Objects are assigned a generation; newly created objects belong to
Generation 0. The objects that survive a garbage collection are
tagged as Generation 1, and the Generation 1 objects that survive
another collection are Generation 2 objects. The .NET Framework
uses up to Generation 2 objects. Higher generation objects are
garbage collected less frequently than lower generation objects.
This helps increase the efficiency of garbage collection, as older
objects tend to have a larger lifetime than newer objects. Thus, by
removing older (and thus more likely to survive a collection)
objects from the scope of a collection run, fewer objects need to
be checked and compacted.
[0058] As shown in FIGS. 6 and 7, a network of networks of software
suites can be created by linking the DTS's and CMC's of more than
one suite of software suites (100A, 100B); and virtual databases
530B may be shared by multiple software suite instances. For
example, in environments with security concerns and multiple
distributed locations such as corporations with multiple offices
the format shown in FIG. 7 may be implemented. In this embodiment,
the DTS of suite of software components 100A is coupled to the CMCs
of suite of software components 100B, 100C, and 100D. This
facilitates the suite of software components 100A can control,
query, and save information on the devices coupled to suite of
software components 100B, 100C, and 100D. The illustrated system
configuration can be scaled up or down as needed by adding or
subtracting additional suite of software components. Or, an
implementation of an additional suite of software components may be
added for quick scalability of a replicated system.
[0059] FIG. 8 depicts a flow chart 800 illustrating a method for an
interface-initiated system configured to provide machine-to-machine
network connectivity, where a request is sent through an interface.
This request may be for data, for device initiation or control,
status, and or any other appropriate query of a device. The CMC
will authenticate the permission and security of the user accessing
the system as set out by a predetermined security protocol or
access control list (ACL). The CMC will also verify the user access
level within the system. Additionally, if desired, the CMC will
review the content of the message request for any additional
routing or action needed. The CMC will query the database and/or
prepare the request for communication with the device. If the user
requests data from the database, the data will the queried, and a
reply will be delivered to the interface. If requesting
substantially real-time device information, the request will be
translated into the correct device and/or devices specific protocol
and delivered over the proper network or networks for the device
and/or devices. Preprogrammed economics, delivery success, and
speed of transfer may be evaluated to determine which network to
utilize if multiple networks are available for the device and/or
devices. The information requested may be stored in the database
and provided to the interface. If the information requested from
the database and/or device is for substantially real-time data and
substantially real-time data is unavailable simulated synchronous
information will be delivered to the user.

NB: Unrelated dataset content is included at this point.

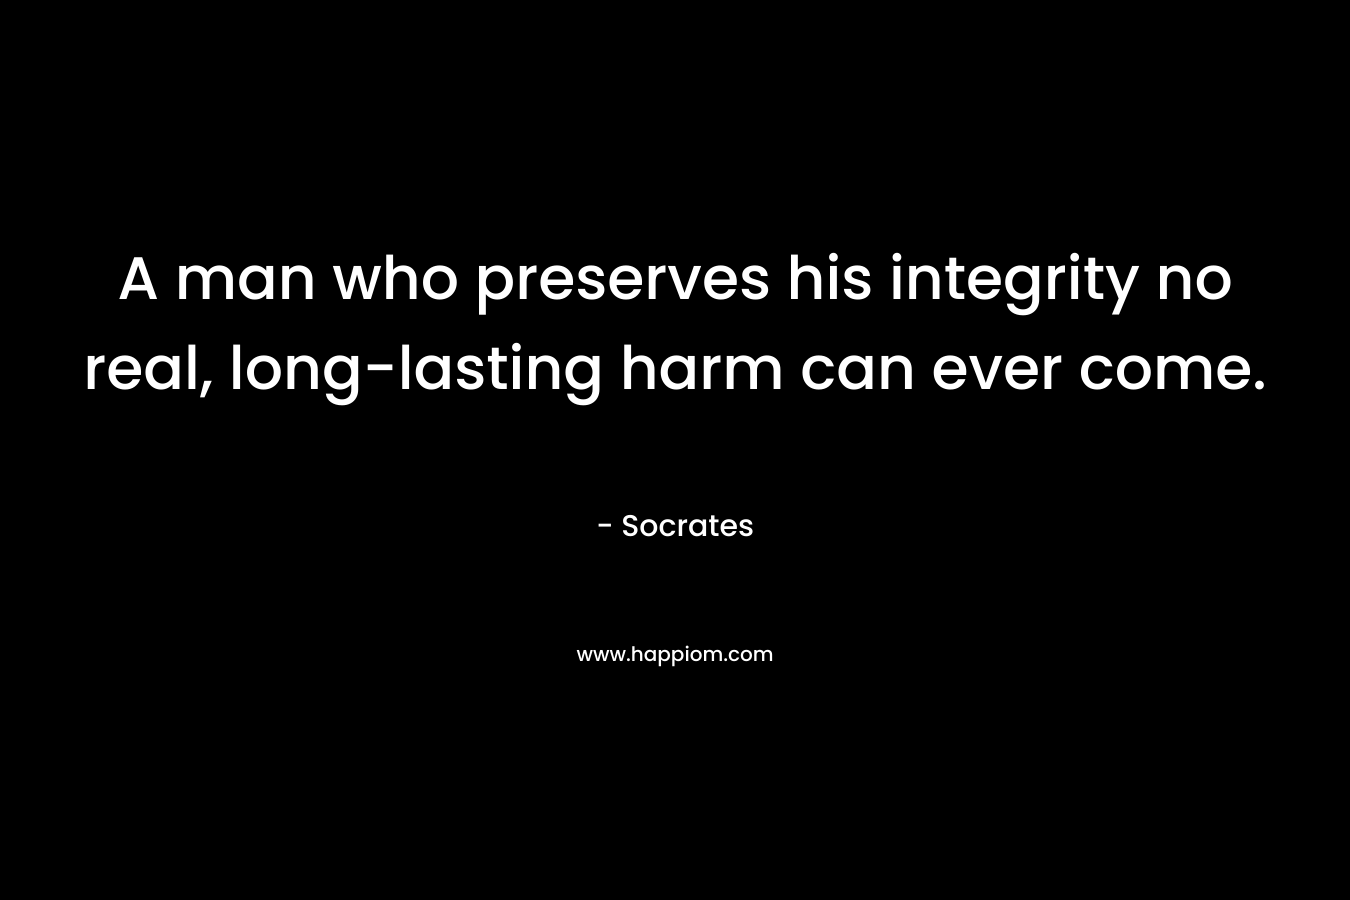 A man who preserves his integrity no real, long-lasting harm can ever come.

[0060] FIGS. 9A-9B depict a flow chart 900 illustrating another
method for a device initiated request to a system configured to
provide machine-to-machine network connectivity. In this
embodiment, a device initiates a request and/or method to the
system. The device sends its request in a device specific protocol
over the device specific network to the DTS. The DTS in concert
with the CMC validates and secures the communication. The DTS
translates the request and/or method into the CTI. The method or
request stores data in the database, retrieves data from the
database, communicates with the interface and/or an additional
device. The data is translated into the device specific protocol
over the device specific network. Preprogrammed economics, delivery
success, and speed of transfer shall be evaluated and determine
which network with which to communicate if multiple networks are
available for the device and/or devices.
[0061] In one embodiment, a specific implementation of the system
may include a user in a company wishes to determine the whereabouts
of his fleet of vehicles equipped with location device and
operating data devices. The user may utilize a preprogrammed
graphical user interface such as a web interface to query the
historical location of vehicles 1, 4, and 13, of his 20 vehicle
fleet. Using the system configured to provide machine-to-machine
network connectivity the user may select the appropriate dropdowns,
enters the information from a set interval, and/or toggles the
interactive GUI to format the request as desired. The request is
checked for security authorization and user permissions by the CMC.
One the request is validated that the user has the appropriate
permission for device discovery and the messages is sufficiently
secured the CMC queries the database such as the system data
facility for the historical stored data that has been automatically
requested from by system configured to provide machine-to-machine
network connectivity at set periods. The historical location data
is retrieved and sent to the interface where it is organized and
displayed as a map depicting the trails of the vehicles in
individual colors. Next, the user may request the current location
of vehicles 2 and 3. The request is checked for security
authorization and user permissions by the CMC. One the request is
validated that the user has the appropriate permission for device
discovery and the messages are sufficiently secured the CMC
communicates with the DTS to translate the CTI request to a device
specific protocol and device specific network. Vehicle 2 and
vehicle 3 may be both equipped with telemetry location devices of a
different make and model. The substantially real-time information
on vehicle 2 may be available while the substantially real-time
location information for vehicle 3 may be currently unavailable.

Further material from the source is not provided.